The European Medium Altitude Long Endurance Remotely Piloted Aircraft System (MALE RPAS), or Eurodrone, is a  twin-turboprop MALE UAV under development by Airbus, Dassault Aviation and Leonardo for Germany, France, Italy and Spain, with a first flight expected by mid-2027.

Development

On 18 May 2015, France, Germany and Italy launched a European MALE RPAS study over two years, joined by Spain since, to define its operational capabilities, system requirements and preliminary design.
In November 2015, the program management was assigned to the European defence procurement agency OCCAR, with European Defence Agency support for air traffic integration and certification.
The definition study was to be contracted in the first half of 2016, the potential development and production then aiming for a 2025 first delivery. 

A two-year definition study was launched in September 2016. Airbus, Dassault Aviation and Leonardo unveiled a full-scale mockup at the April 2018 ILA Berlin Air Show.
On 31 October 2018, OCCAR invited Airbus Defence and Space to submit a tender for the program, to coordinate the major sub-contractors, Dassault and Leonardo.
On 22 November, the System Preliminary Design Review was achieved, allowing the stakeholders to align their requirements and contract in 2019.

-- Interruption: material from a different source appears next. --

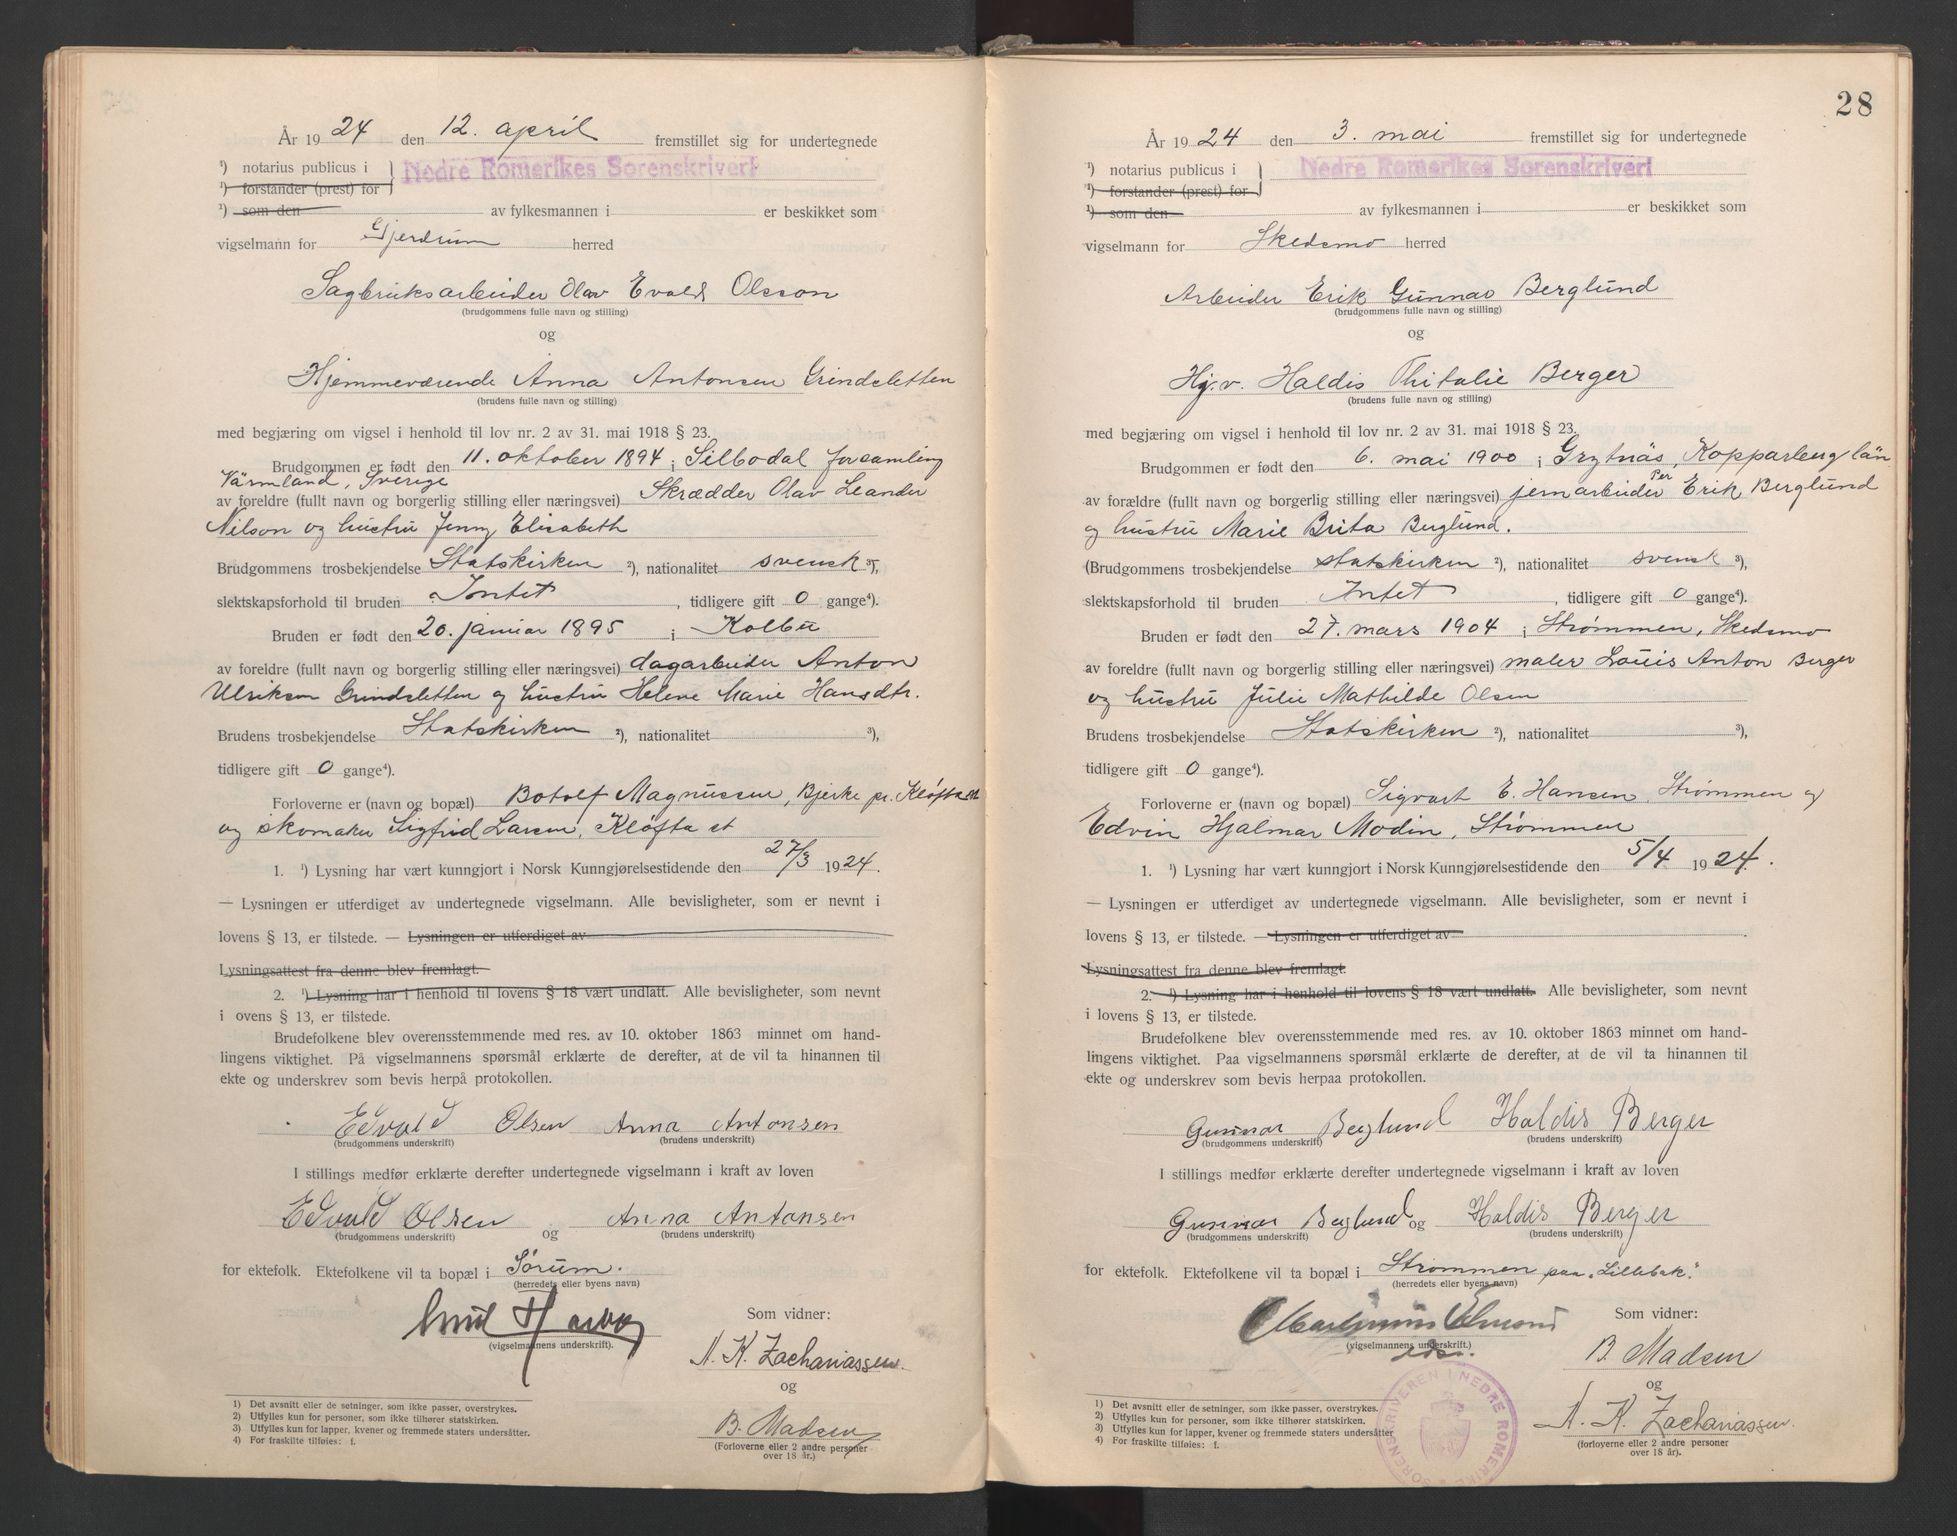 SAO, Nedre Romerike sorenskriveri, L/Lb/L0001: Vigselsbok - borgerlige vielser, 1920-1935, s. 28
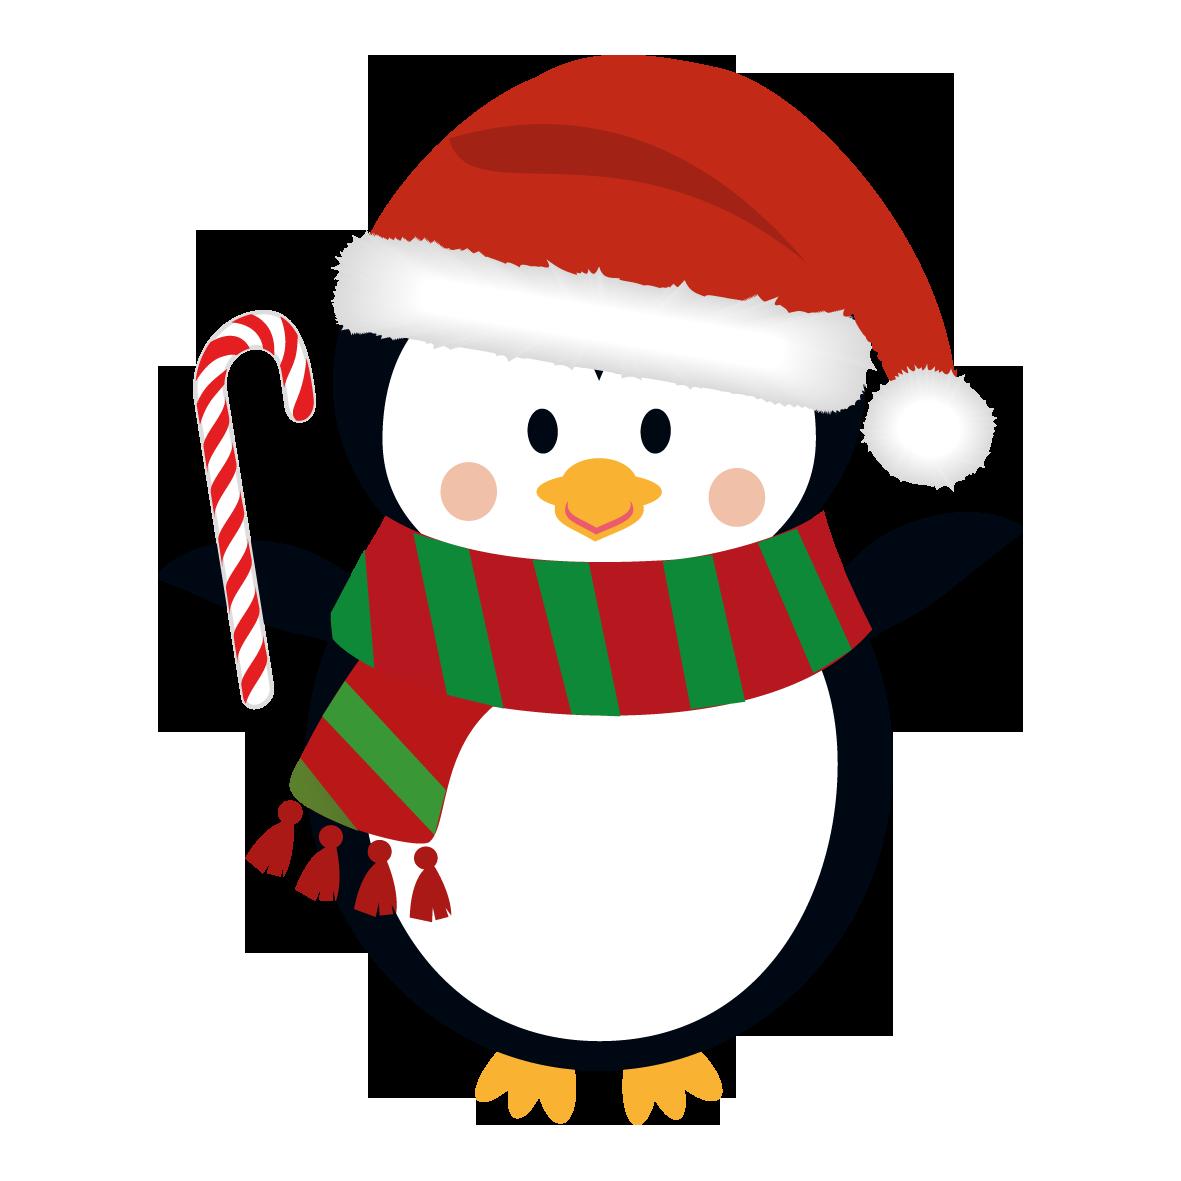 Peekaboopaper Digital Scrapbooking Merry-Peekaboopaper Digital Scrapbooking Merry Christmas Everyone-14

In late May 2019, Airbus submitted its offer, but the contract signing may slip from 2019 to 2020.
In the summer, the French Senate criticised the platform as "too heavy, too expensive and therefore, too difficult to export" due to "German specifications".
First flight was then scheduled for 2024, before first deliveries for 2027.

Due to the impact of the COVID-19 pandemic on the aviation industry, contract signing slipped to 2021, selecting the Airbus site at Manching for final assembly and ground testing.
The maiden flight was then scheduled for 2025, before first deliveries for 2028 of a contract for 60 drones.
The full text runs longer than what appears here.